* Supplied data
┄┄┄┄┄┄

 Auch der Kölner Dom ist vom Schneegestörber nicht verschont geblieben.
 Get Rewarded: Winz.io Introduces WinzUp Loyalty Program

┄┄┄┄┄┄

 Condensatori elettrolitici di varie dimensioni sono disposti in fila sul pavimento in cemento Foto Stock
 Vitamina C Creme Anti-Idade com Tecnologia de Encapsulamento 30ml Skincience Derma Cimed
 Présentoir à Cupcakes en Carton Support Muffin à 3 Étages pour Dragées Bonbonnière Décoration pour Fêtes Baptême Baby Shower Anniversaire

┄┄┄┄┄┄

* What is required
Write out exactly the lines that fall from the line with "Auch der Kölner" to the line with "Get Rewarded: Winz.io" in the records above, keeping both ends.

* Response to this task
 Auch der Kölner Dom ist vom Schneegestörber nicht verschont geblieben.
 Get Rewarded: Winz.io Introduces WinzUp Loyalty Program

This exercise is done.